- Problem statement
Every line of the listing below from the one with "Ottoman center GÜPO" up to and including the one with "临床上常见的有臀位,横位,枕后位以及足位等异常胎位,多见于腹壁松弛" should be retyped exactly, and nothing else; pictures are not part of the copy.

- Records for this exercise

********************

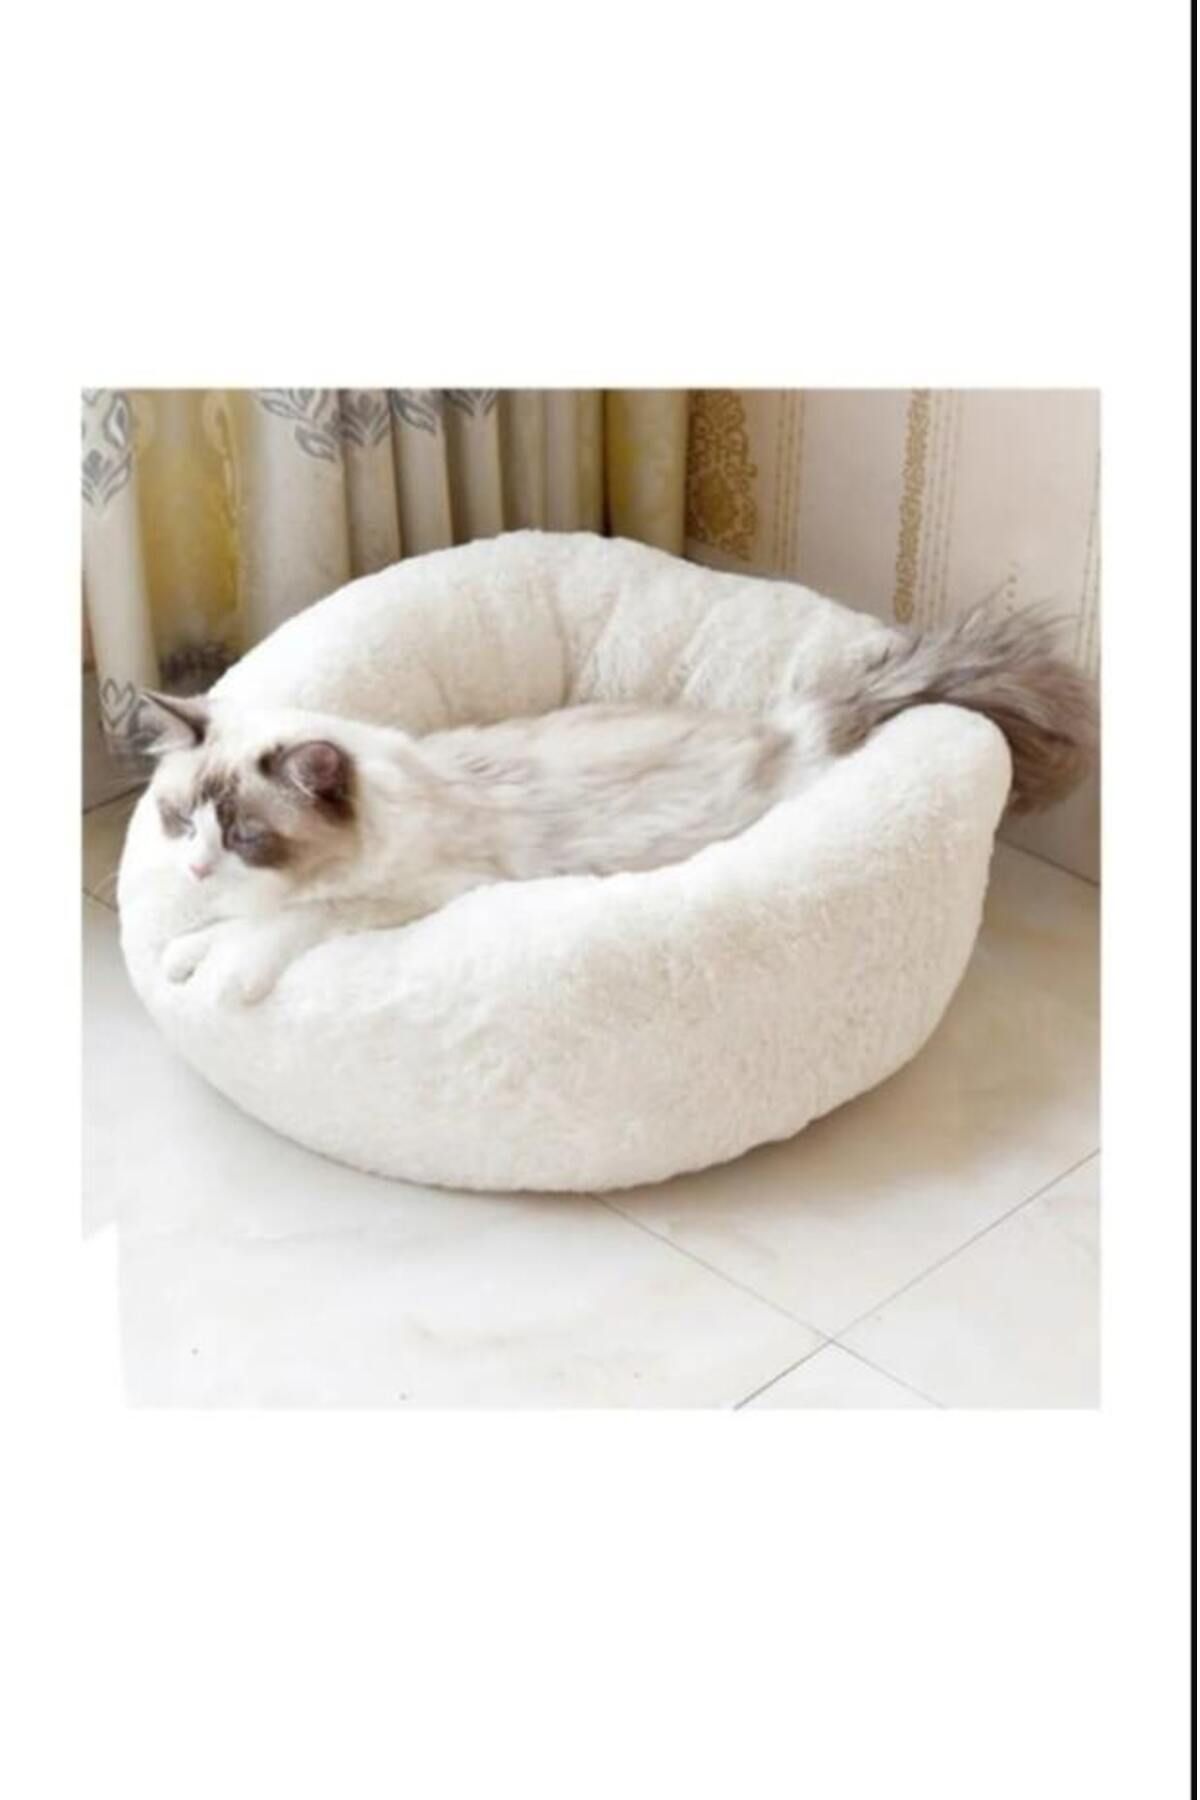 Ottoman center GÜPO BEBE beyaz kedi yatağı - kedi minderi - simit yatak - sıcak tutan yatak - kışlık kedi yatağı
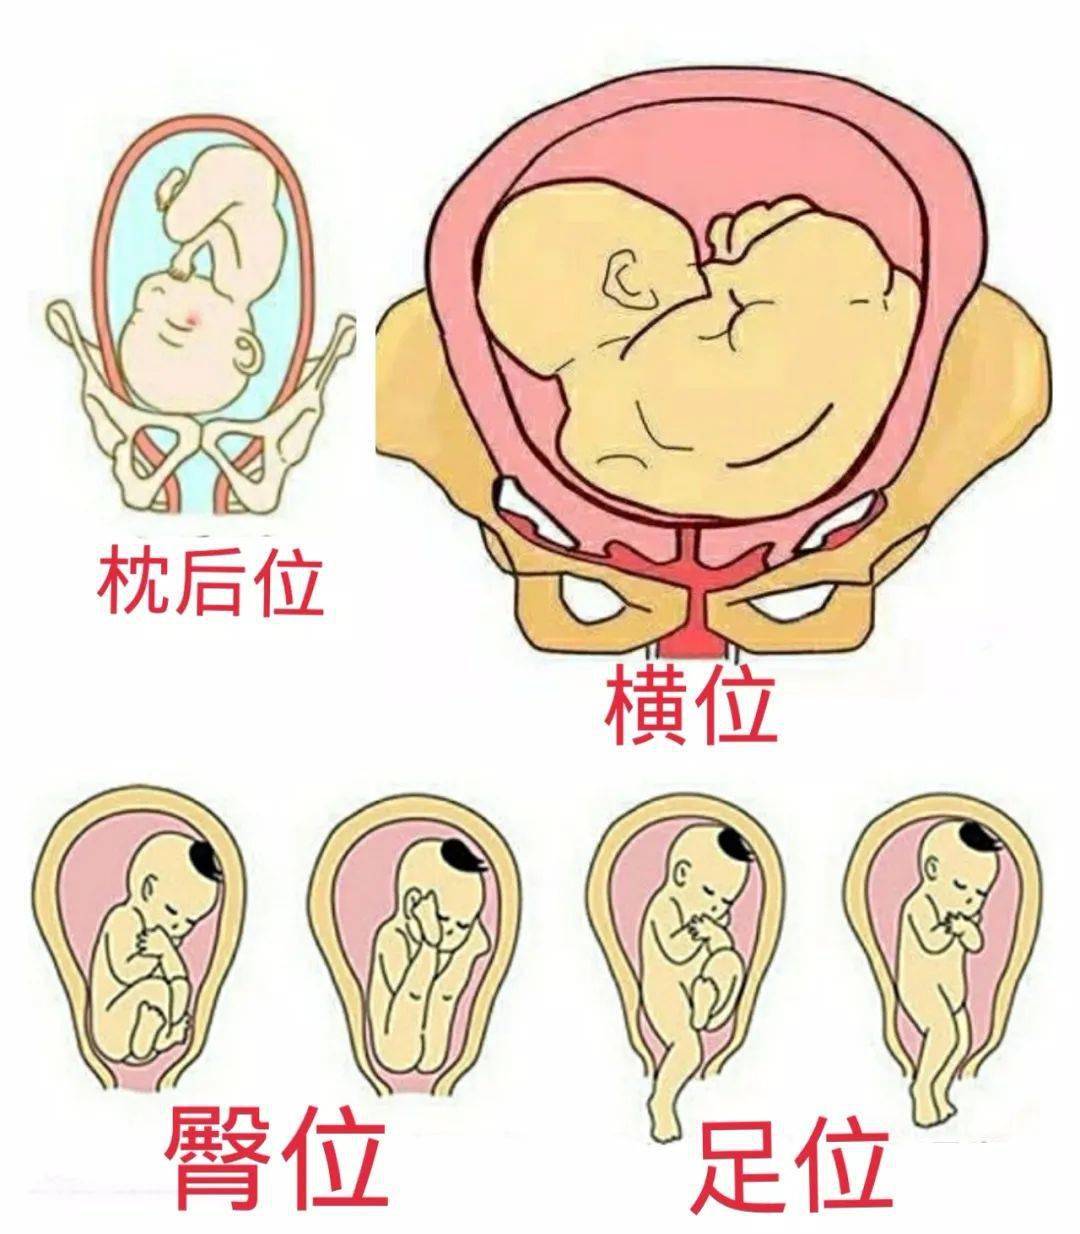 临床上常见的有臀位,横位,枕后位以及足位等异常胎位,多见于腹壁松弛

********************

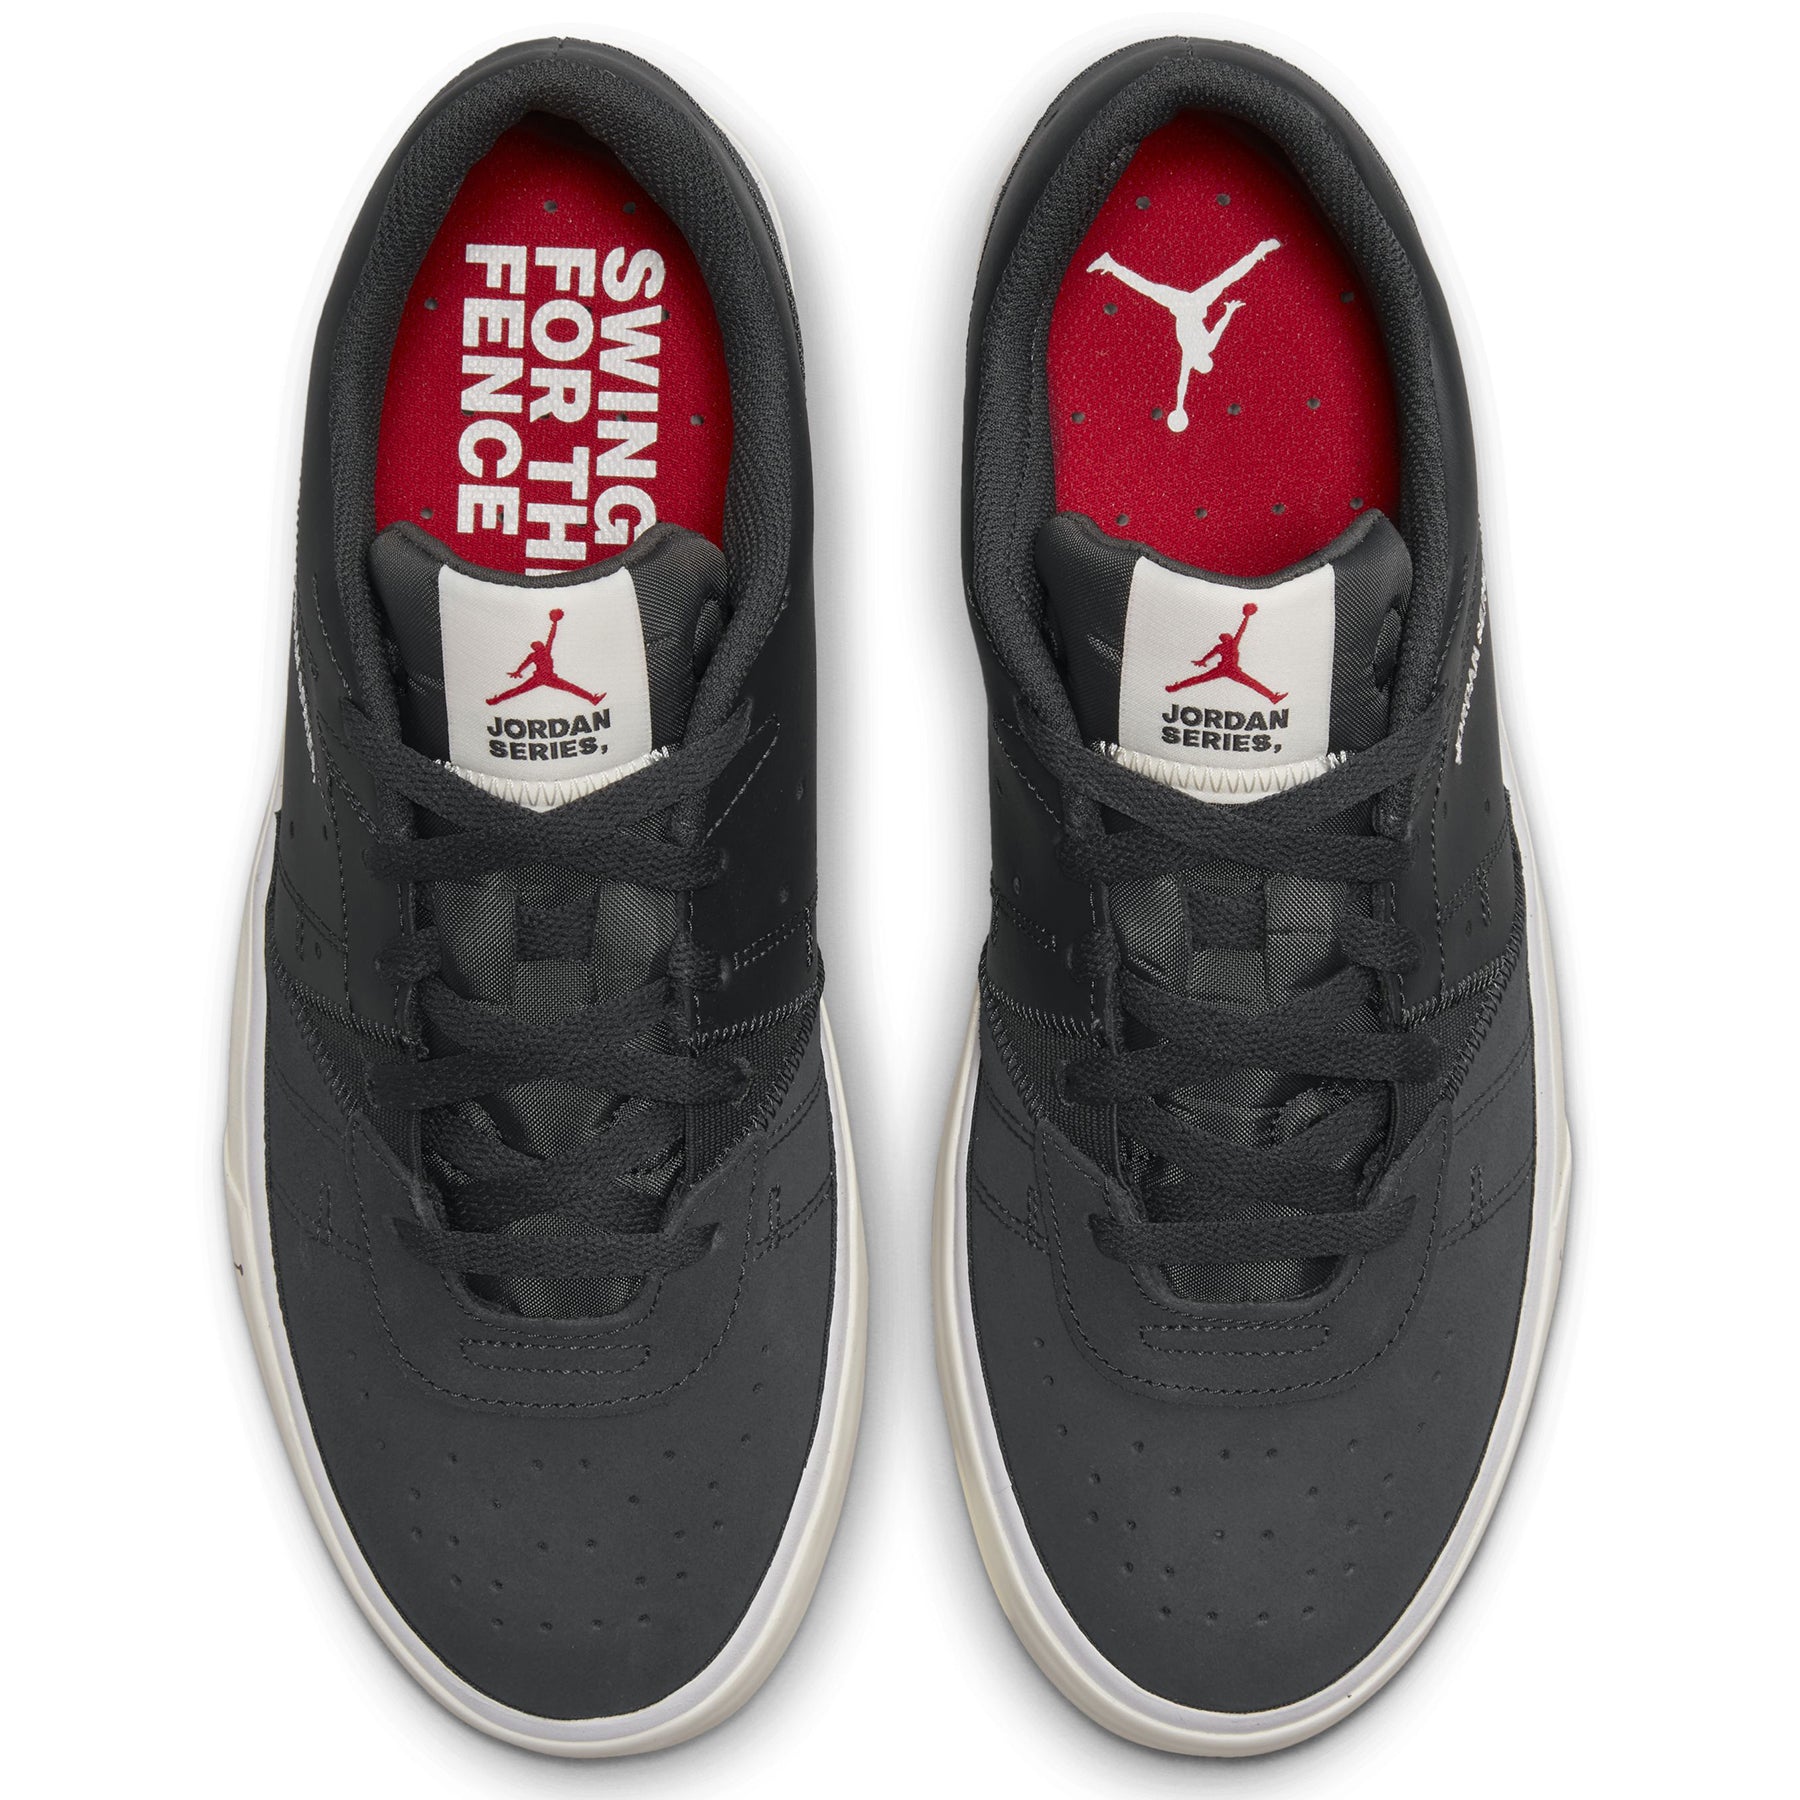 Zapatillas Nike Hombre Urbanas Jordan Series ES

********************

- Written solution
 Ottoman center GÜPO BEBE beyaz kedi yatağı - kedi minderi - simit yatak - sıcak tutan yatak - kışlık kedi yatağı
 临床上常见的有臀位,横位,枕后位以及足位等异常胎位,多见于腹壁松弛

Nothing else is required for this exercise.